#### [ASSIGNMENT]
Copy each line of the listing below exactly and drop the images.
[COLLECTED MATERIAL Boundary: Start]
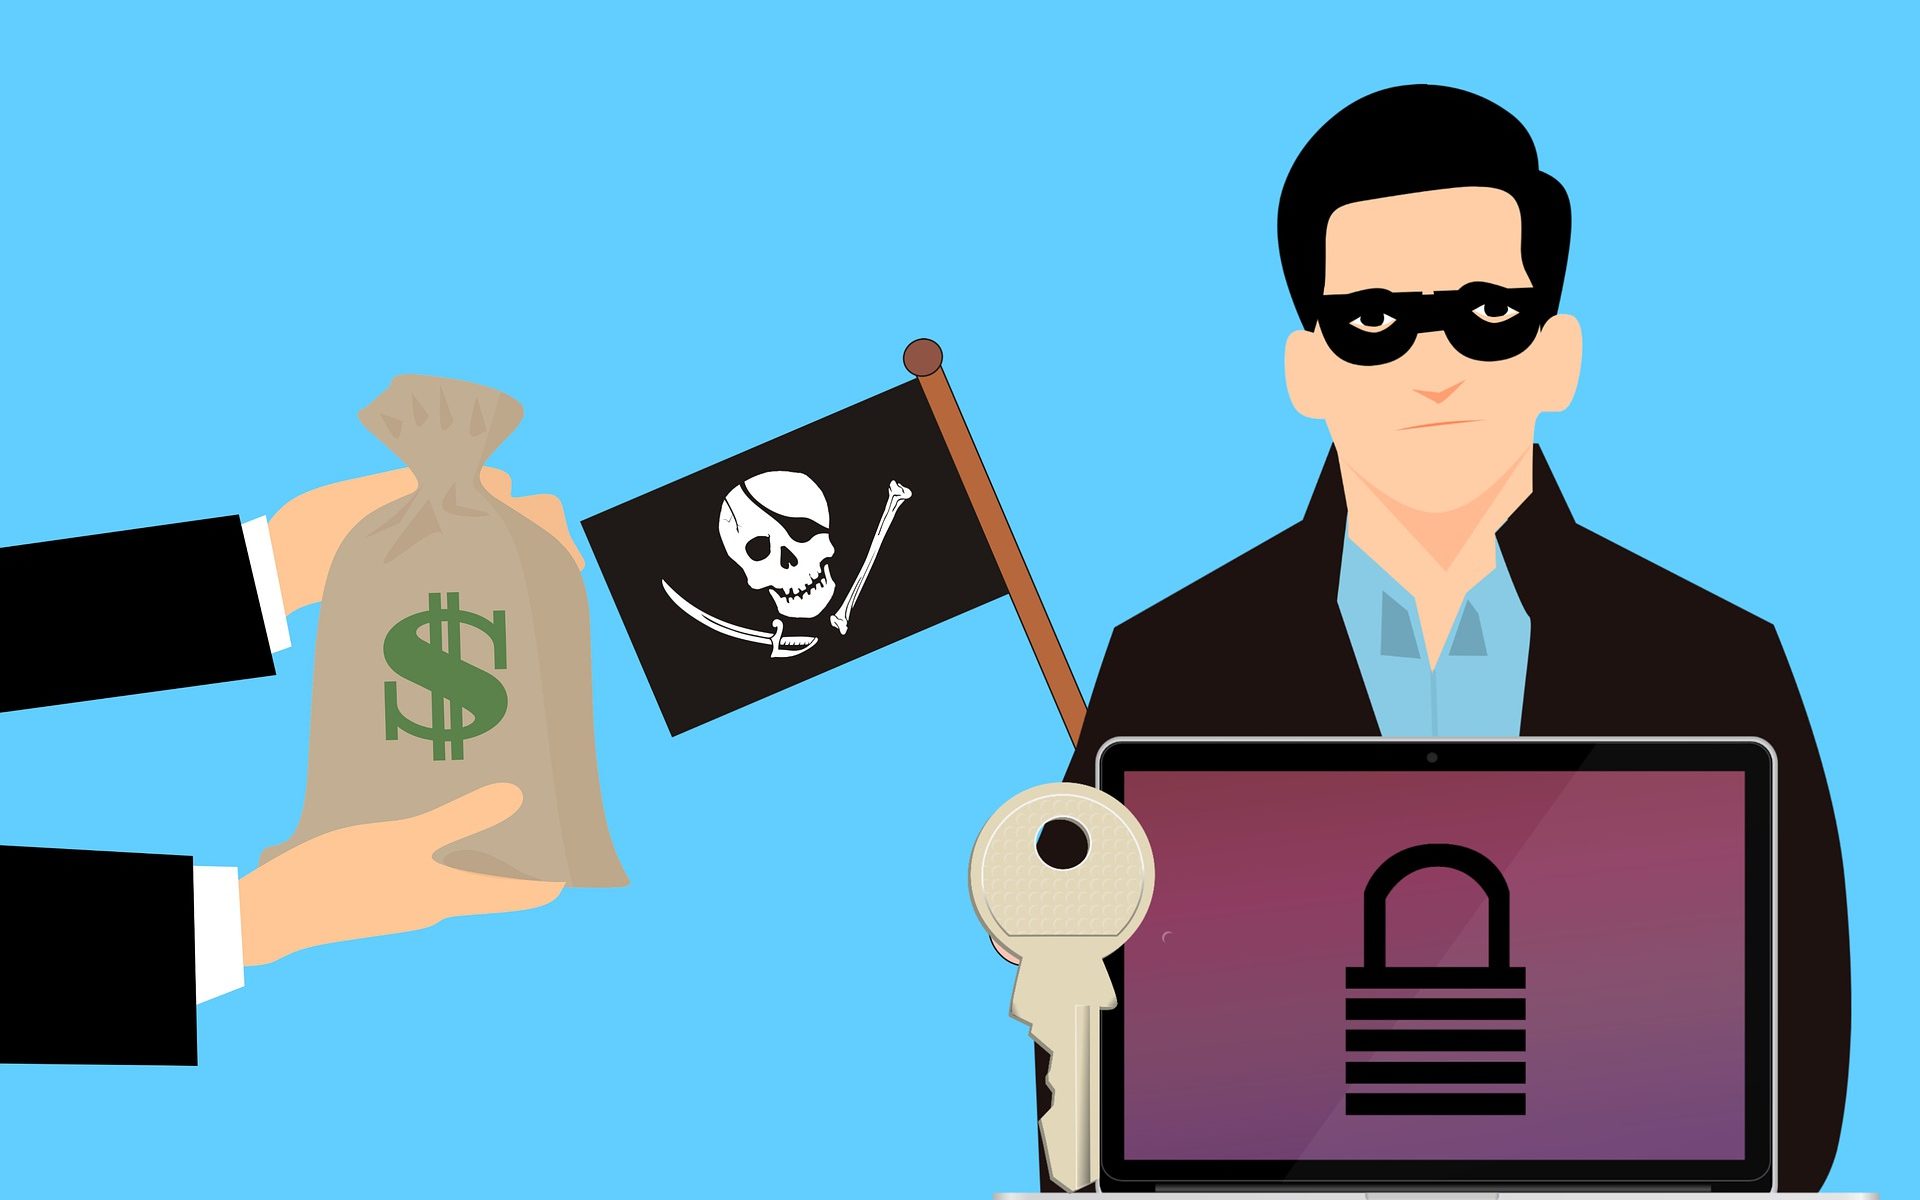 man with a max sitting behind laptop with a key and padlock holding a pirate flag while another man hands him a money bag
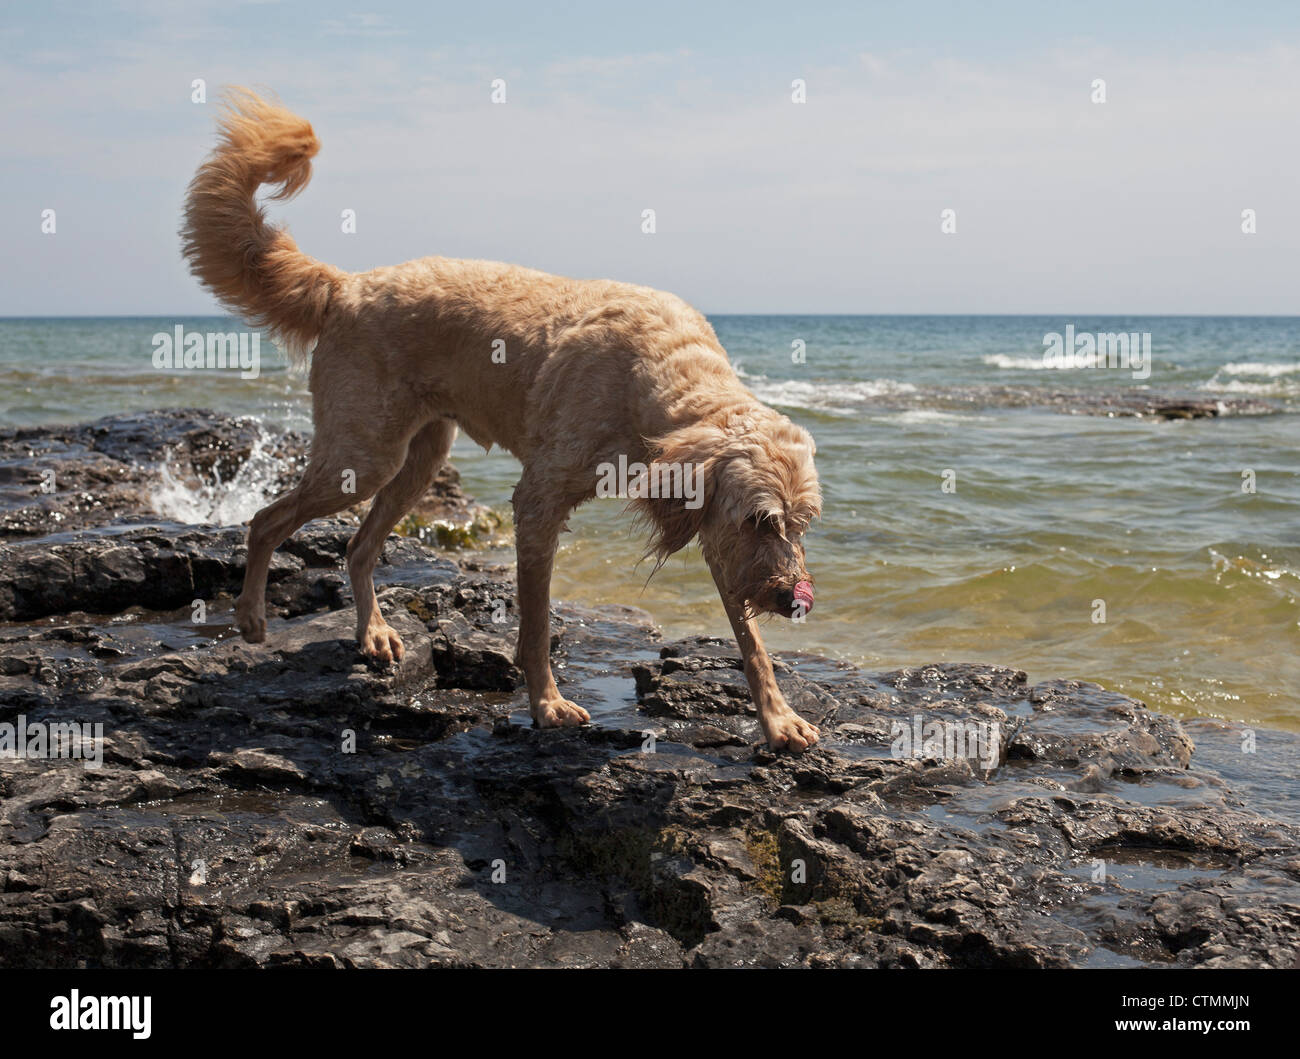 A goldendoodle watches the water from a rock in Lake Michigan. Stock Photo
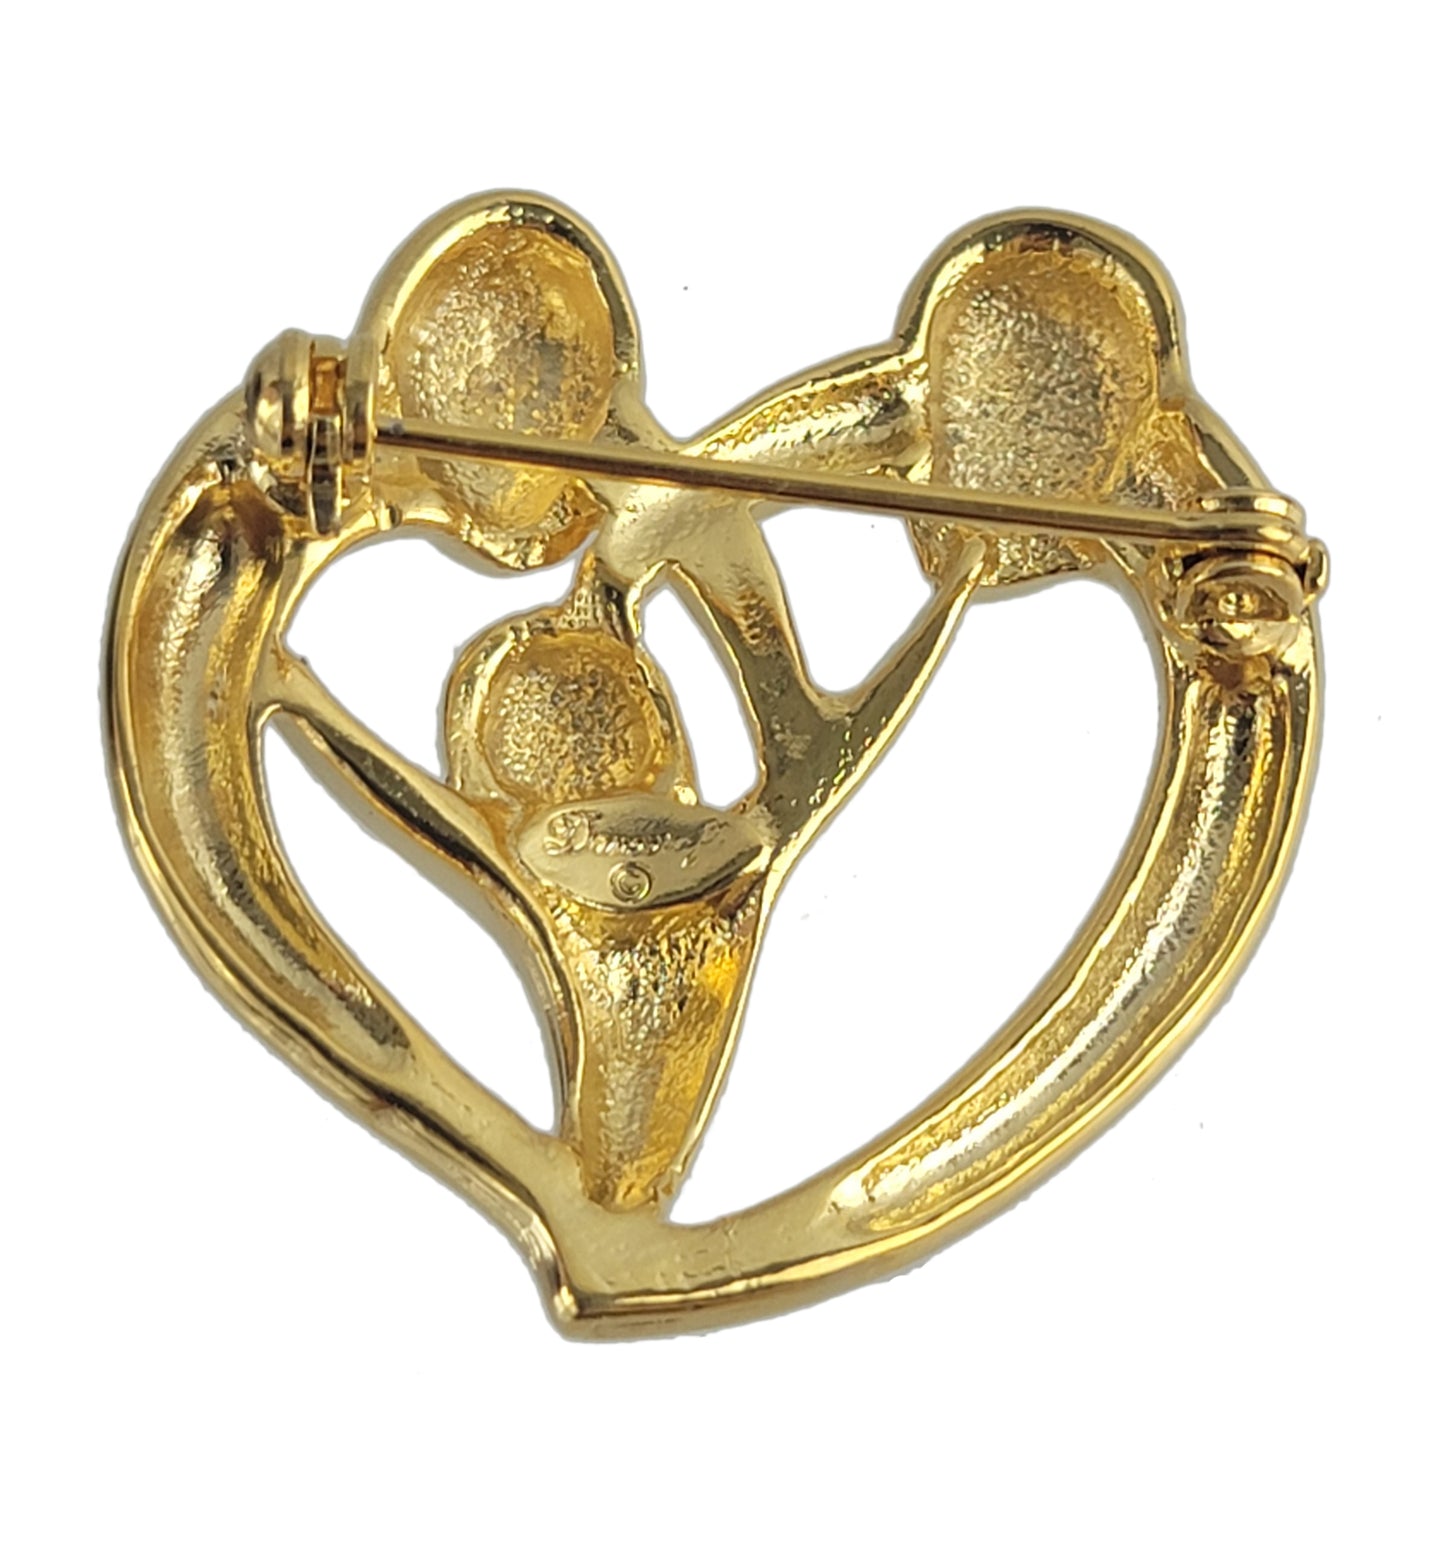 Danecraft Love Family Parents and Child Heart Pin Brooch Gold Tone NWOT 1 1/2"
[COLLECTED MATERIAL Boundary: End]
#### [RESPONSE BELOW]
 man with a max sitting behind laptop with a key and padlock holding a pirate flag while another man hands him a money bag
 A goldendoodle watches the water from a rock in Lake Michigan. Stock Photo
 Danecraft Love Family Parents and Child Heart Pin Brooch Gold Tone NWOT 1 1/2"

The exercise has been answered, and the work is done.